I’m excited about the weight loss, but as I reflected on the message and also my success for the week (I weighed myself just before heading out for church), it made me think about how often we apply the tools we have available to us.  I have a number of apps on my phone . . . my favorites show up on my home screens:   YouBible, Gmail, Facebook, Kroger, Out of Milk and the Verizon Fios apps, just to name a few.  I use those all the time (we won’t mention my fascination with my Scrabble apps :-)).  But when I look at all the apps I’ve downloaded over the past year—I think I counted 52—I don’t use them all.  Why not?  Some, like Hoccer, were downloaded in moments of comparing apps with friends, when my techie geek tendencies kicked in and said “oooh, that’s cool, I want it.”  Others were downloaded thinking I’d use it, only to realize that, well, not so much.Out of 52 apps, I regularly use 13.  That’s 25% of the apps.  So are the others wasting space?  Probably.

There’s an app for everything.  But how many times do you use it?  Many people list the Bible as their favorite book.  How often do you read it?   I’ll admit, it’s a challenge for me. That’s actually why I have the app on my phone.  I use the daily Bible reading plan on there, and I can read anywhere.  I can read any version of the Bible, wherever I am.  Because, let’s be real, I’m rarely without my phone.  What about that lesson you learned a few years ago?  The one that said that everything that looks good isn’t good for you?  (That can apply to a lot of things, not just food.
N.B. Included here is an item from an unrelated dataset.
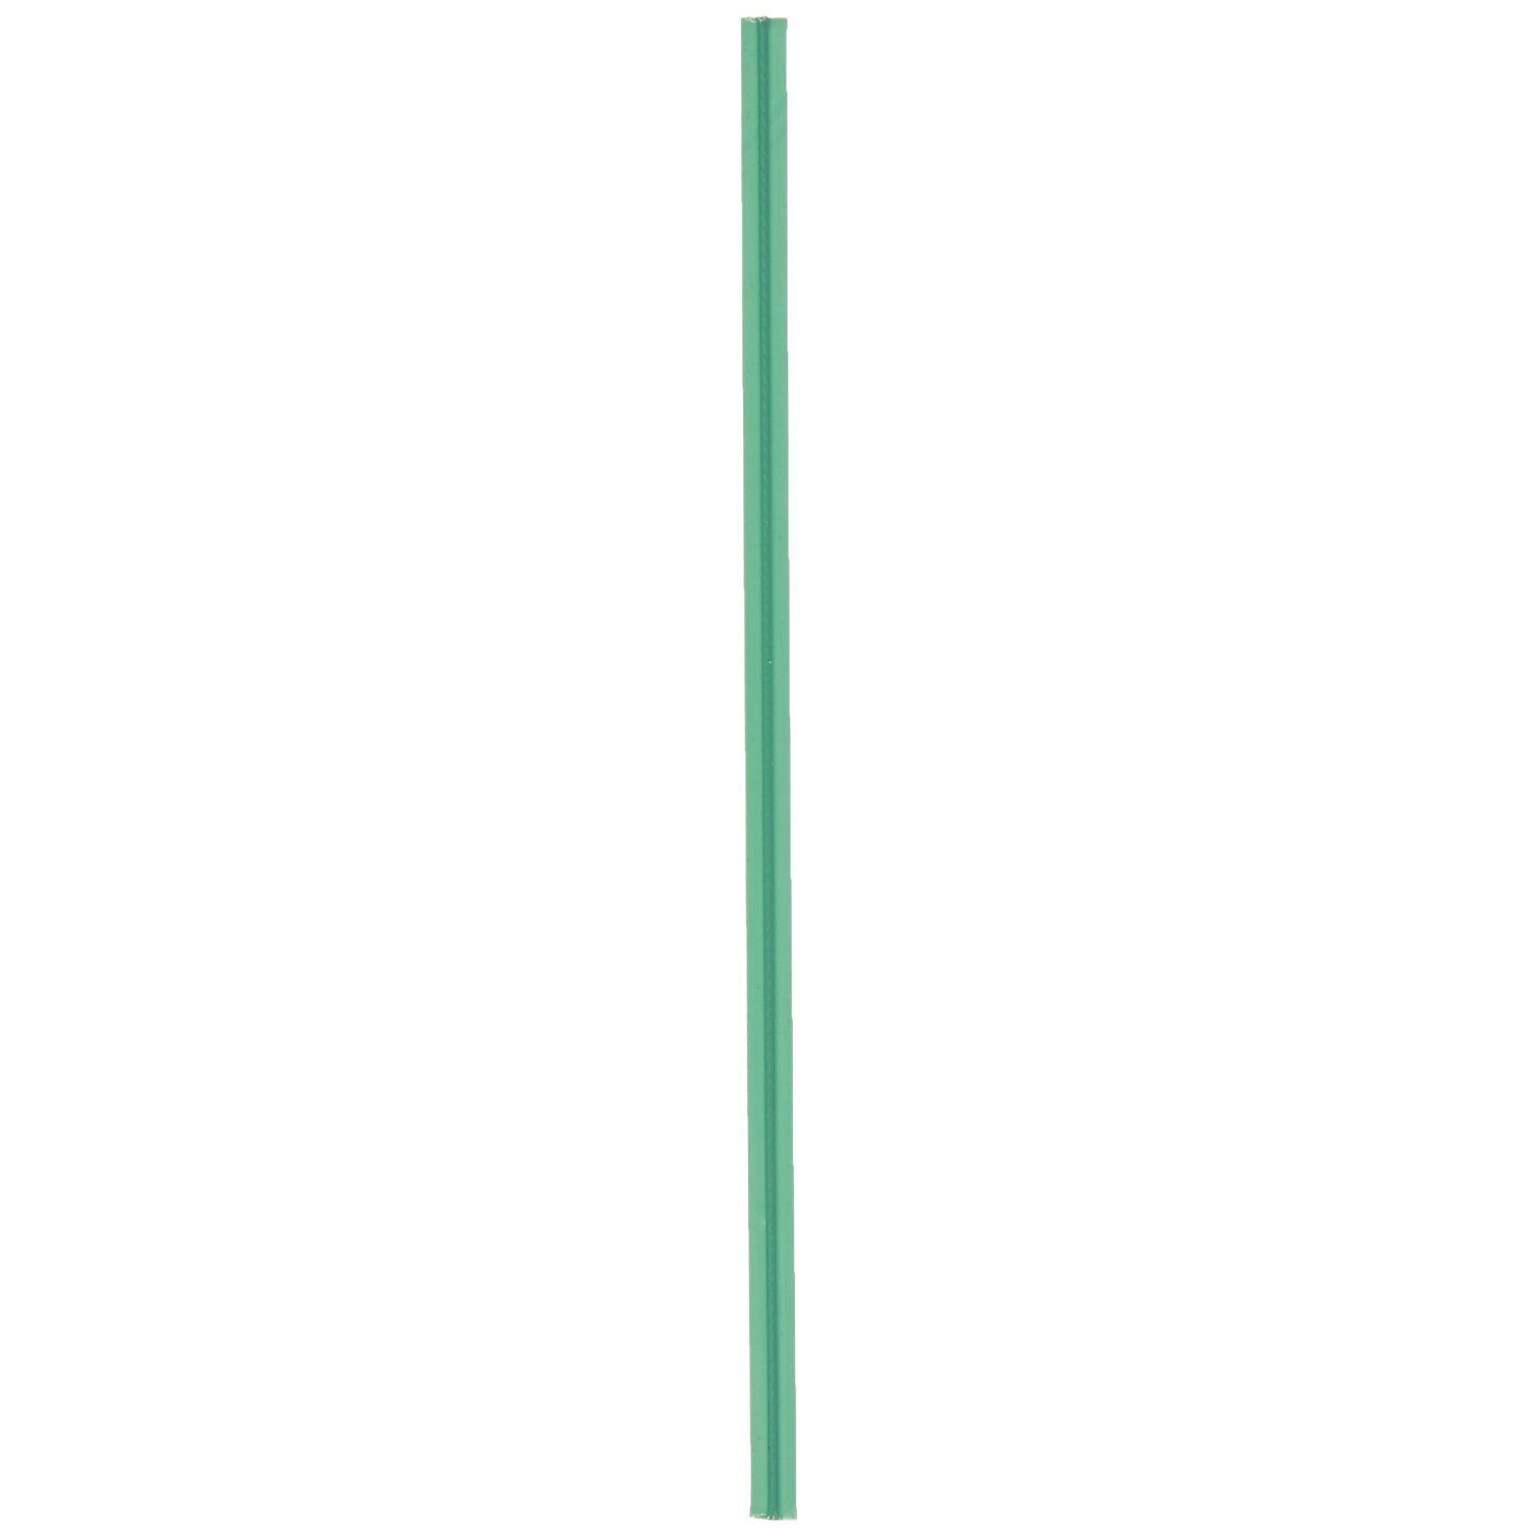 5 x 5/32 Staples Green Plastic Twist Tie, 2000/Case (PLT5G)
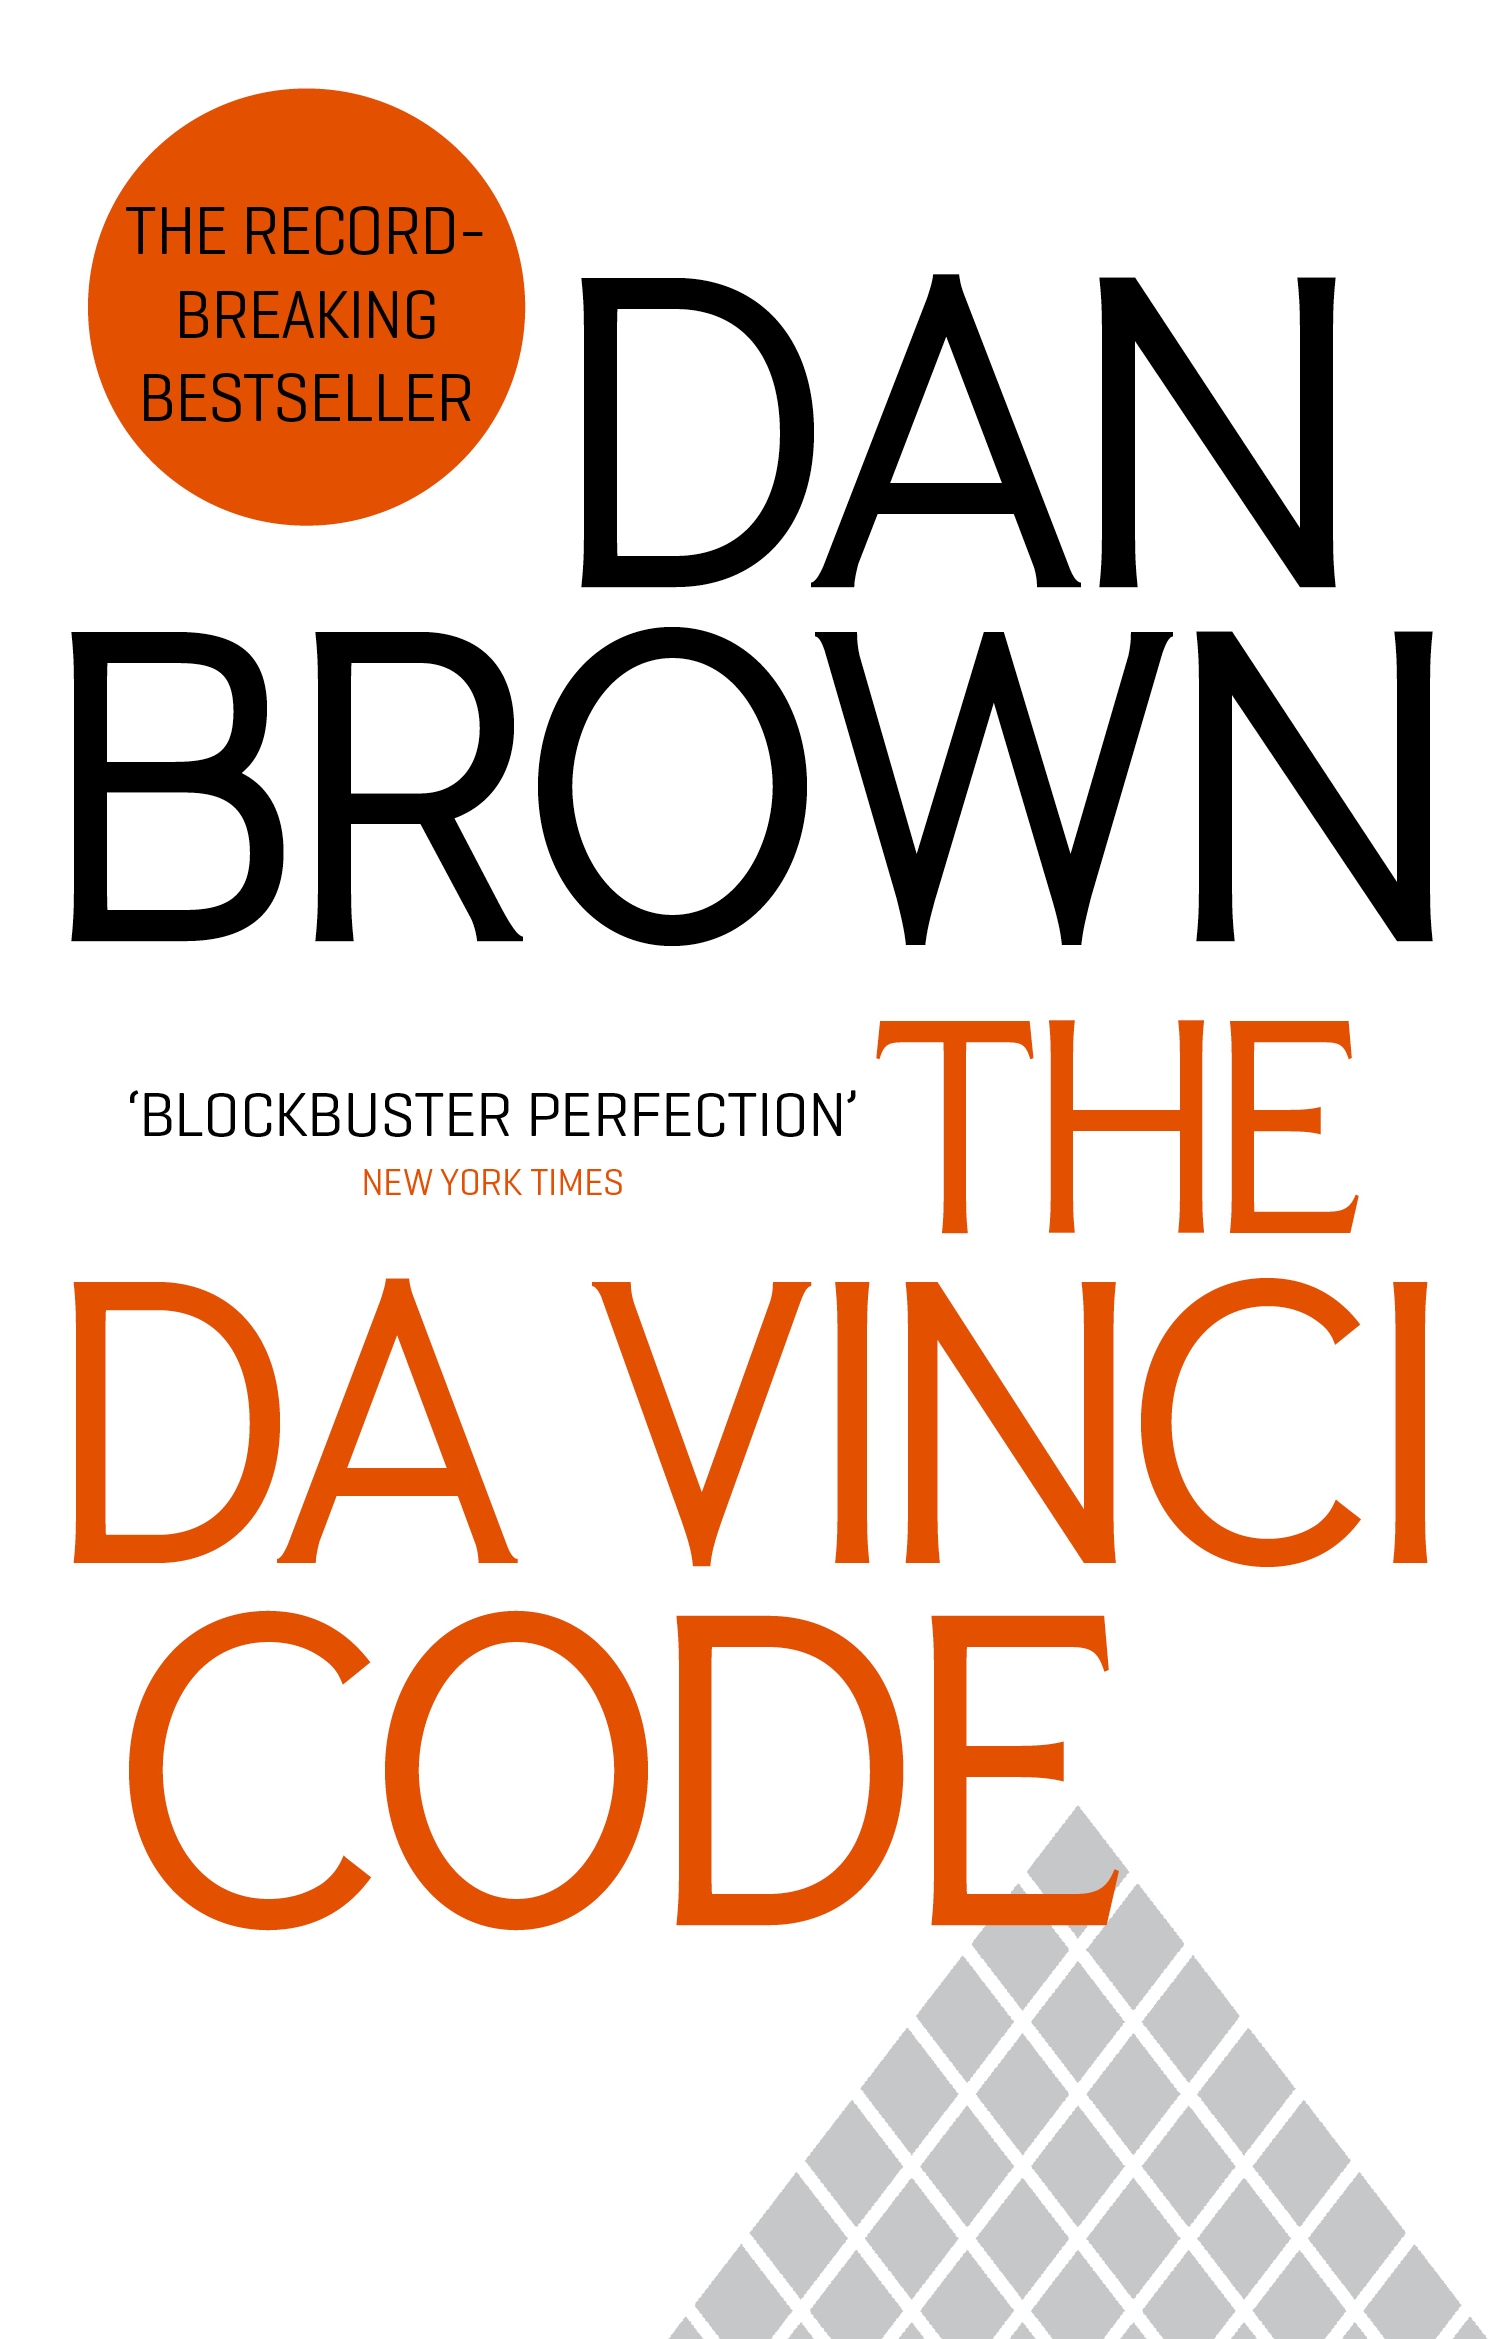 2018 book by author of da vinci code

Like relationships – romantic or platonic).  Do you apply it when you meet that guy who looks like Patrick Dempsey or Taye Diggs?  Or, fellas, when you meet the woman who looks like Salli Richardson, Halle Berry or Angelina Jolie?  Or do you ignore that small, still voice telling you “everything that looks good isn’t good for you?”

Yes, there’s an app for pretty much everything.  The question is, are you using the app, or is it just taking up space on your memory card?